L’introduction du processus de médiation ne prend que quelques heures une fois l’accord des parties obtenu sur son principe. La principale contrainte consiste alors à réunir les parties et le médiateur pour la tenue des réunions. La plate-forme madecision.com a choisi de répondre à cette problématique en permettant l’organisation simplifiée de visioconférences, sans réunion présentielle, réduisant ainsi les coûts de déplacement et de location d’une salle.

La médiation doit en tout état de cause se dérouler dans un délai de 3 mois à compter de la désignation du médiateur, délai qui peut être renouvelé une fois mais ne peut en principe dépasser 6 mois ce qui implique une importante réactivité des parties. Les délais de la médiation pourront naturellement être adaptés aux situations et être réduits si les circonstances l’imposent ou prolongés si une observation de plusieurs mois doit être envisagée.

La mise en place du processus de médiation suppose enfin la suspension de toutes les démarches susceptibles d’empêcher l’aboutissement amiable du processus. Il en résulte que dans l’hypothèse de Monsieur X. les travaux de construction devront être suspendus pendant tout le temps de la discussion.

Le choix d’un processus de médiation ne remettra donc pas en cause le projet de construction de Monsieur X. pour une trop longue durée – ce qui aurait pu se passer devant le juge administratif -, tout en offrant des garanties à Monsieur et Madame P. sur l’utilité et l’efficience des discussions.

B. L’intérêt d’une discussion plus large pour la recherche d’une solution

Le processus de médiation conduit les parties à se concentrer sur leurs intérêts, leurs valeurs et besoins par opposition aux positions intangibles qu’ils auraient pu adopter dans une procédure contentieuse.

Le médiateur s’intéressera ainsi aux raisons qui ont poussé Monsieur X. à privilégier une implantation de son annexe plutôt qu’une autre et il interrogera Monsieur et Madame P. sur les besoins qui auraient pu les conduire à s’opposer à ce projet de construction.

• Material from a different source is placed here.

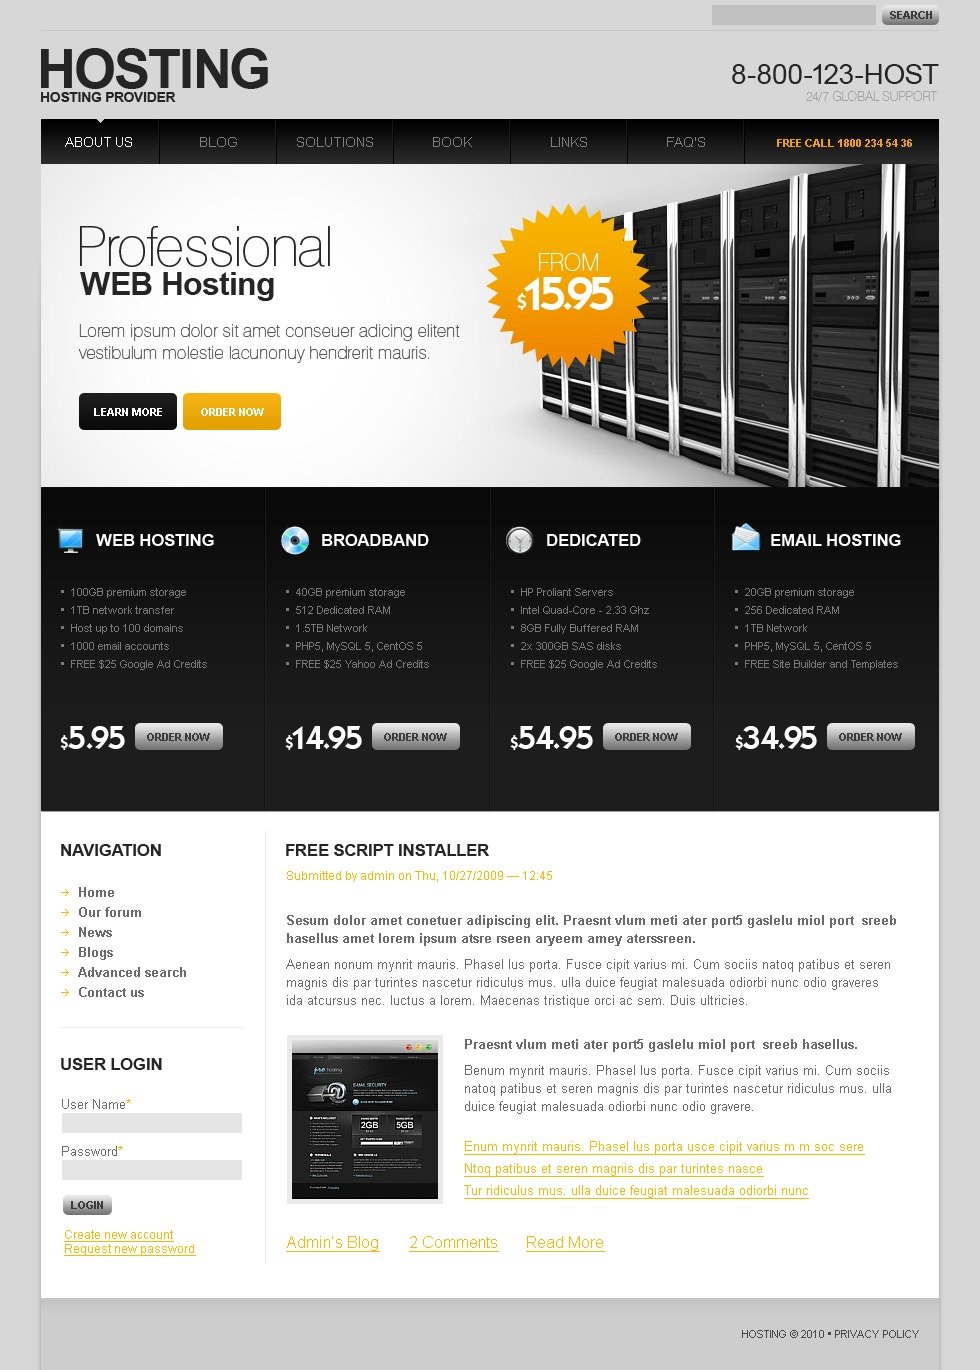 drupal site hosting

En discutant ainsi, le médiateur a pu découvrir en l’espèce que Monsieur X. ne s’était tout simplement pas soucié du lieu d’implantation de son bâtiment et il a pu le déplacer de quelques mètres sans conséquence pour son projet. De leur côté, Monsieur et Madame P. ont reconnu être fortement intéressés par la location de ce nouveau logement pour accueillir leur famille à l’occasion de périodes de vacances. Monsieur et Madame P. ont même pu autoriser Monsieur X. à utiliser leur chemin d’accès pendant la durée des travaux à la condition que ces derniers soient organisés en leur absence, pendant les vacances estivales.

Les relations de voisinage ayant été ainsi préservées, Monsieur X. est régulièrement sollicité par ses voisins qui lui louent le studio lorsqu’ils accueillent de la famille.

Grâce à une discussion ouverte orientée sur les intérêts des parties, ces solutions qui n’auraient jamais pu être proposées devant le juge ont été définies au cours de 5 heures de réunions plénières et/ou individuelles et retranscrites par les avocats des parties dans les termes d’une transaction amiable.

Si le législateur a parfaitement compris que les parties trouveront un intérêt à recourir à la médiation dans les litiges de voisinage, reste aujourd’hui aux professionnels du droit de s’en emparer et d’y avoir recours afin d’apporter des solutions pérennes à des conflits du quotidien parfois très difficiles à vivre.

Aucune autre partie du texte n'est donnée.